### WORK ORDER
Pictures found in the material must be left out, and every line returned as written.

(Beginning of THE DATA)

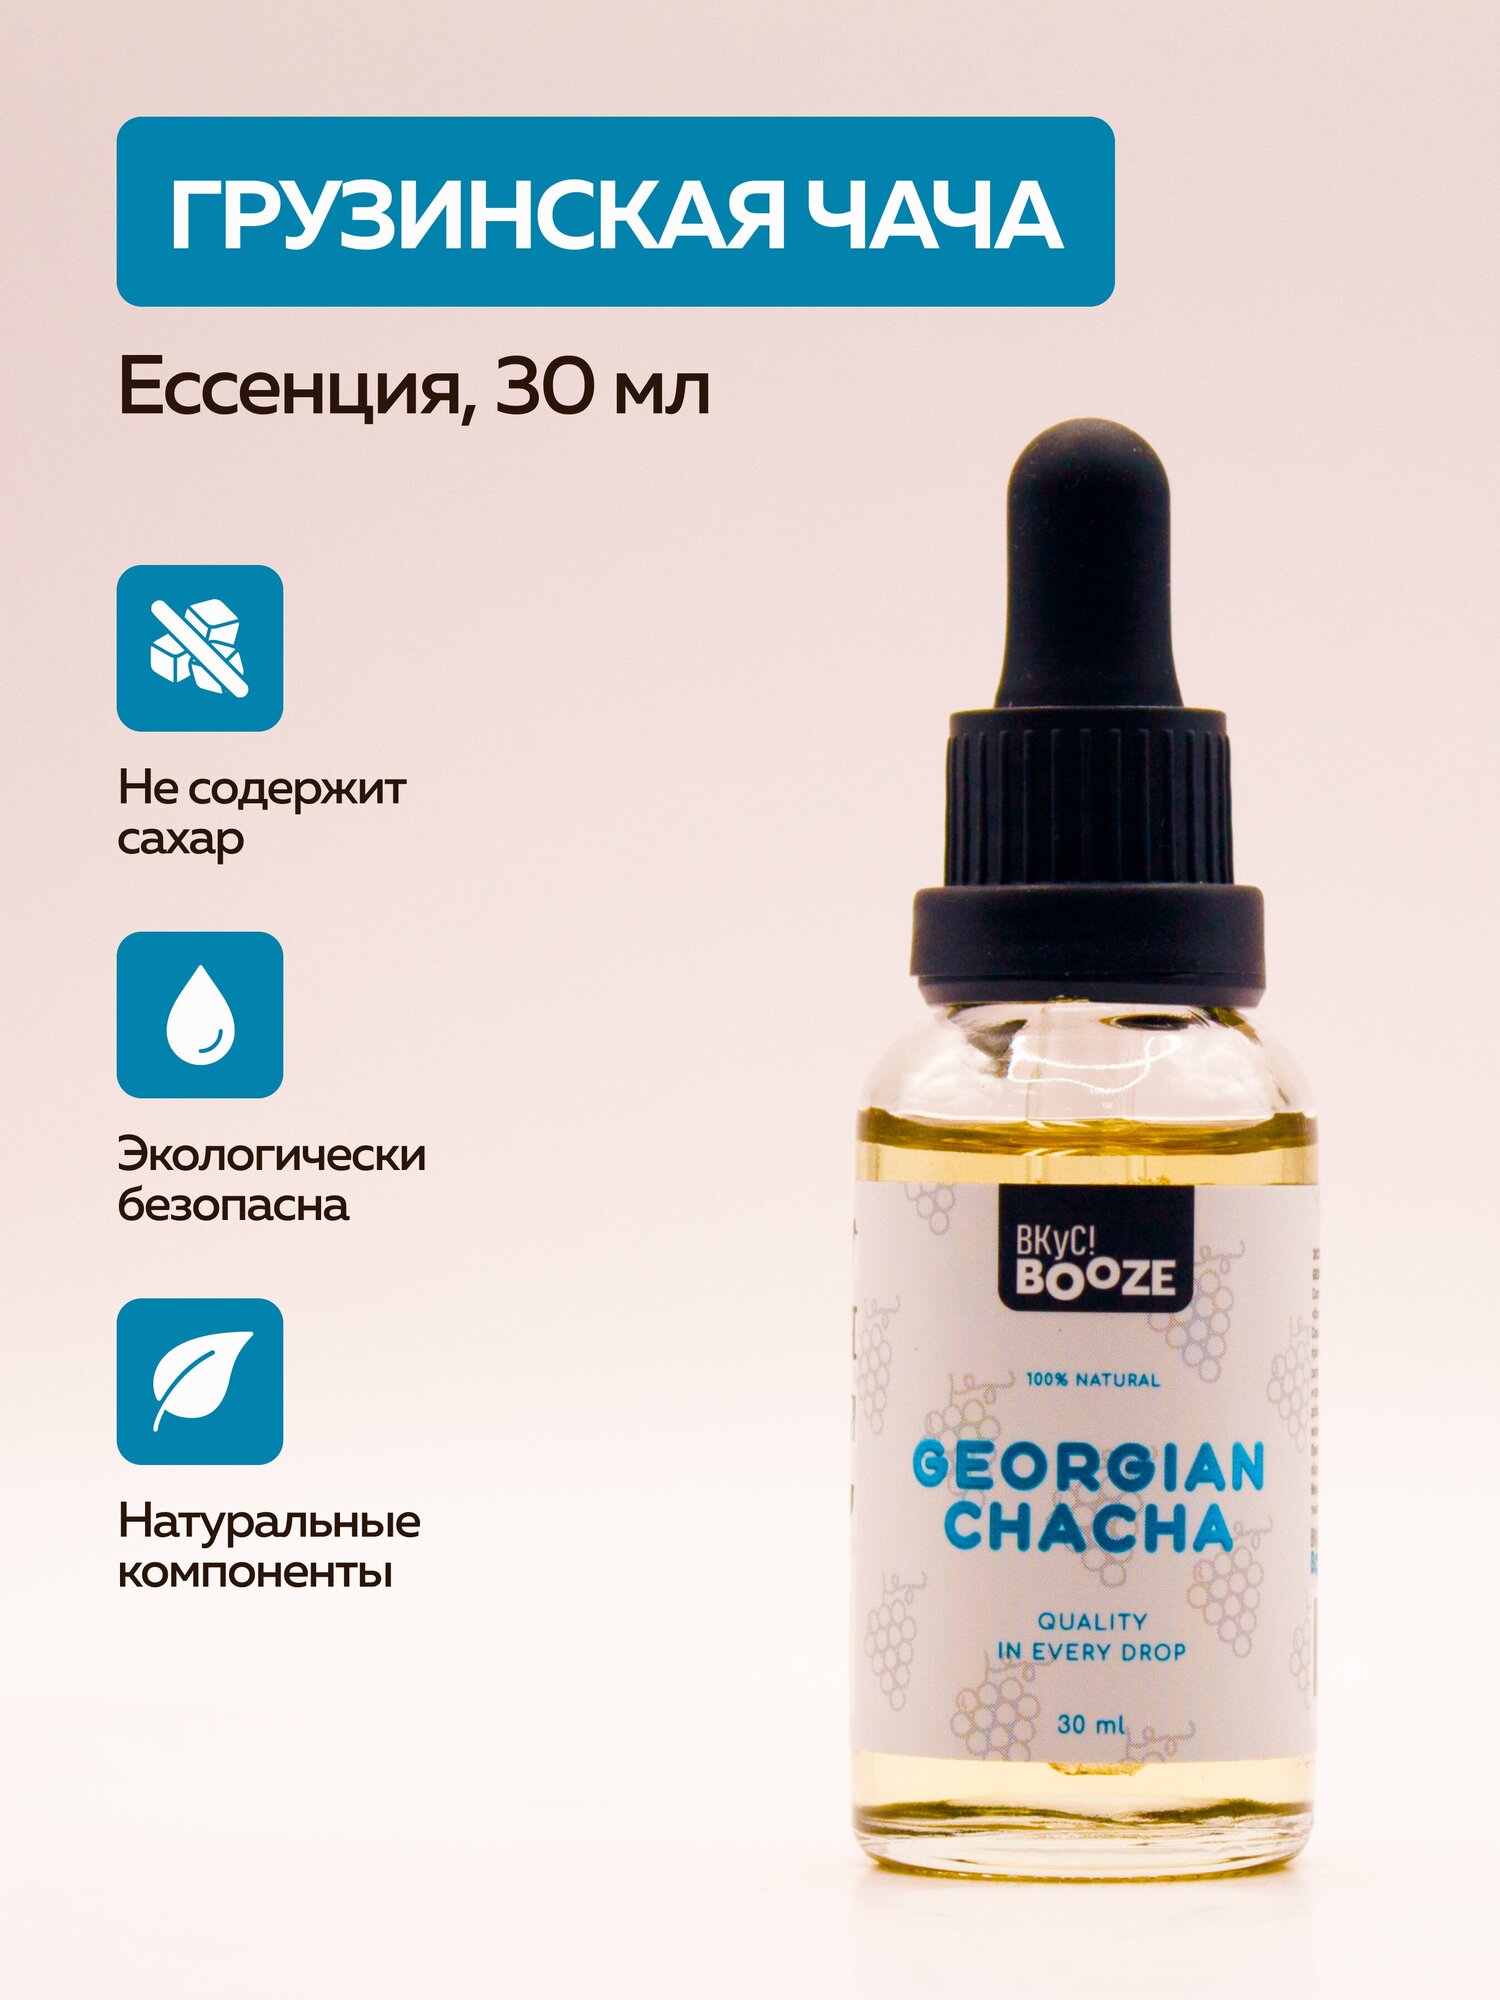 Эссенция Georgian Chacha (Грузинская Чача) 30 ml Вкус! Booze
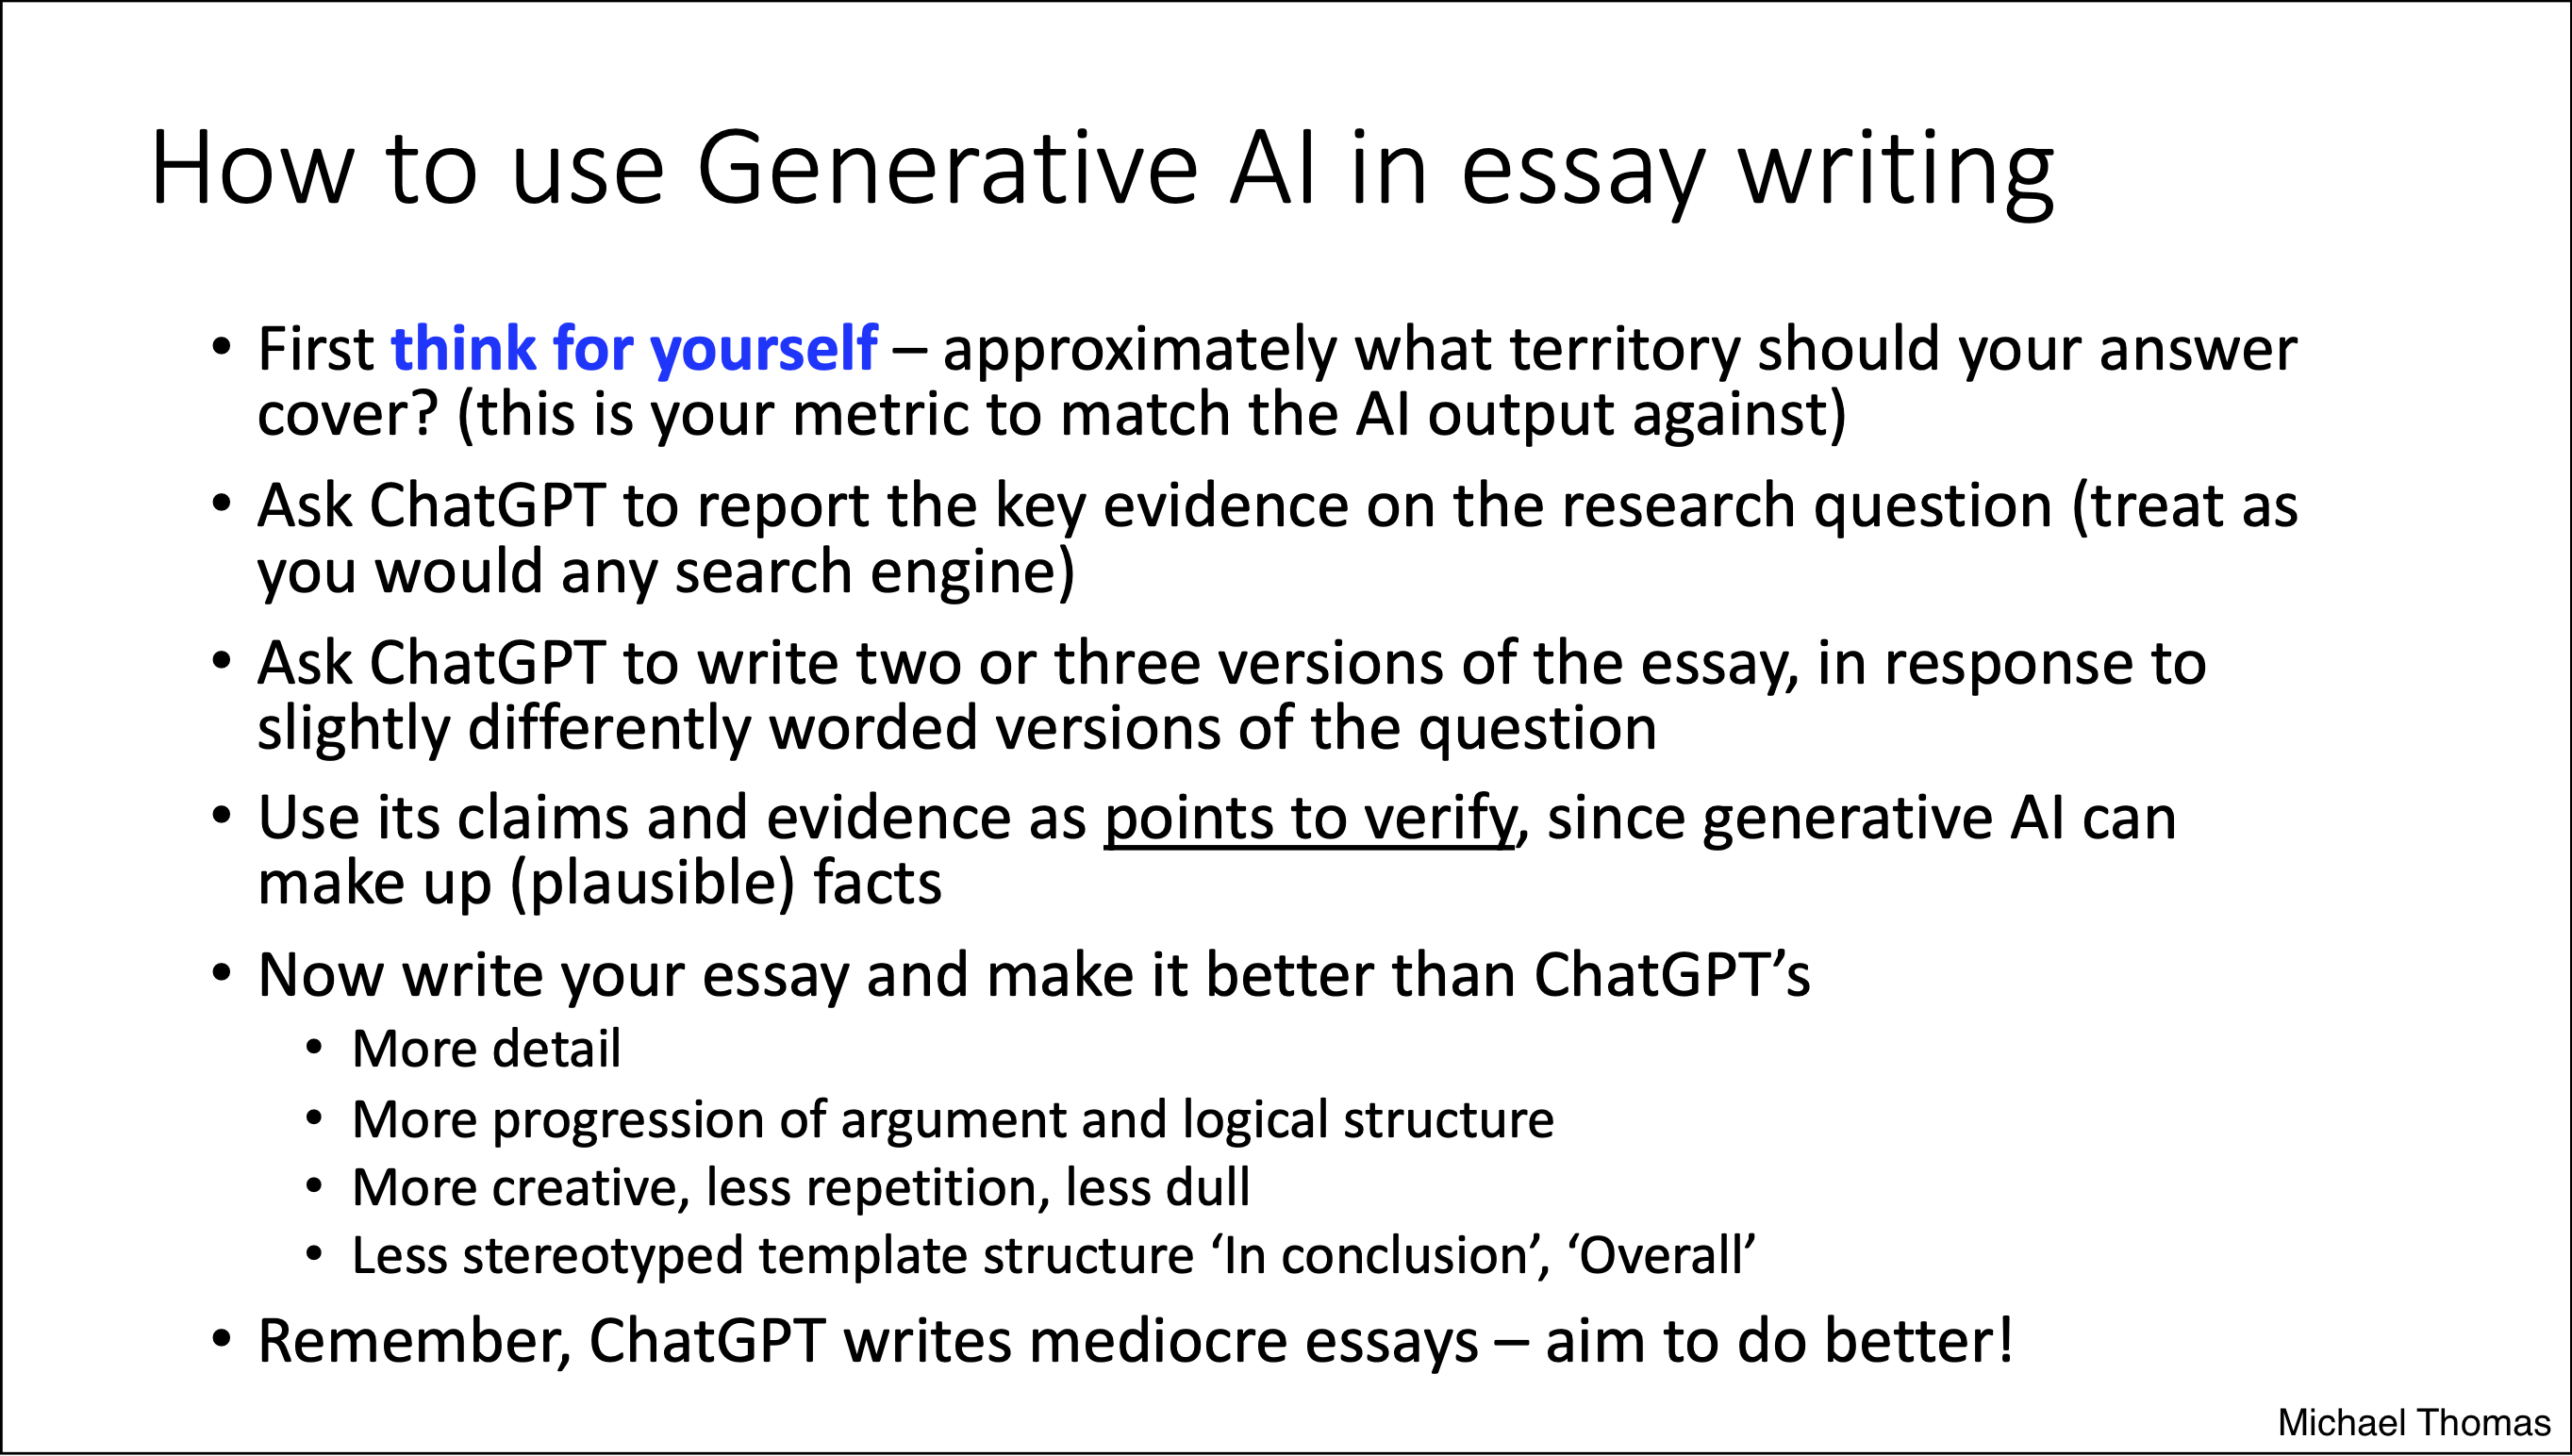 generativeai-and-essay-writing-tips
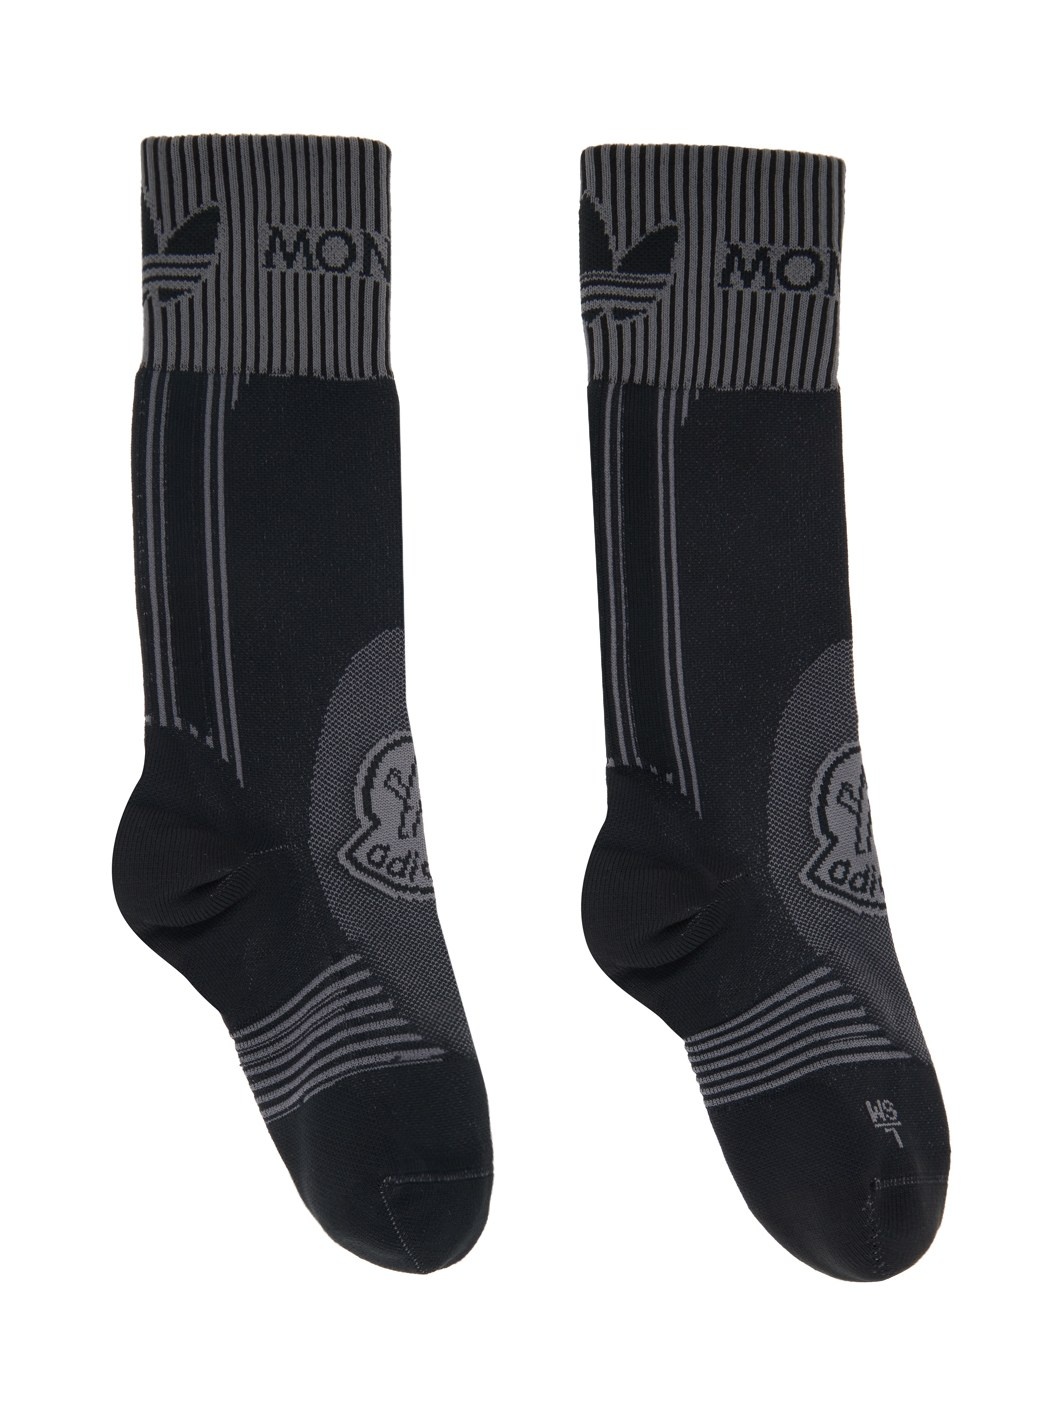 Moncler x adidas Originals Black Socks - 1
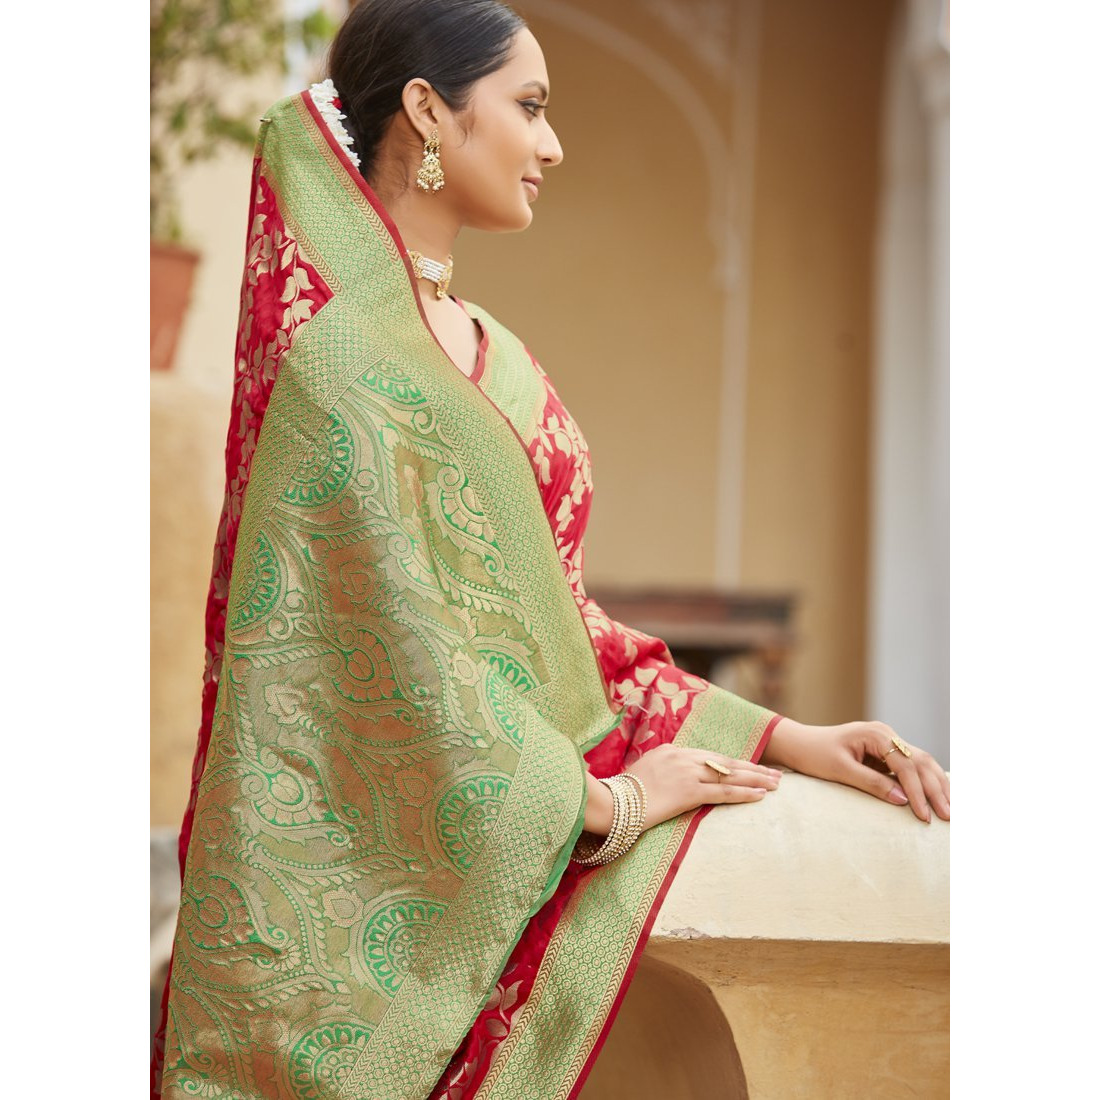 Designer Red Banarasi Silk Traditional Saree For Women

(End of THE DATA)

### EXERCISE OUTPUT
 Эссенция Georgian Chacha (Грузинская Чача) 30 ml Вкус! Booze
 generativeai-and-essay-writing-tips
 Moncler x adidas Originals Black Socks - 1
 Designer Red Banarasi Silk Traditional Saree For Women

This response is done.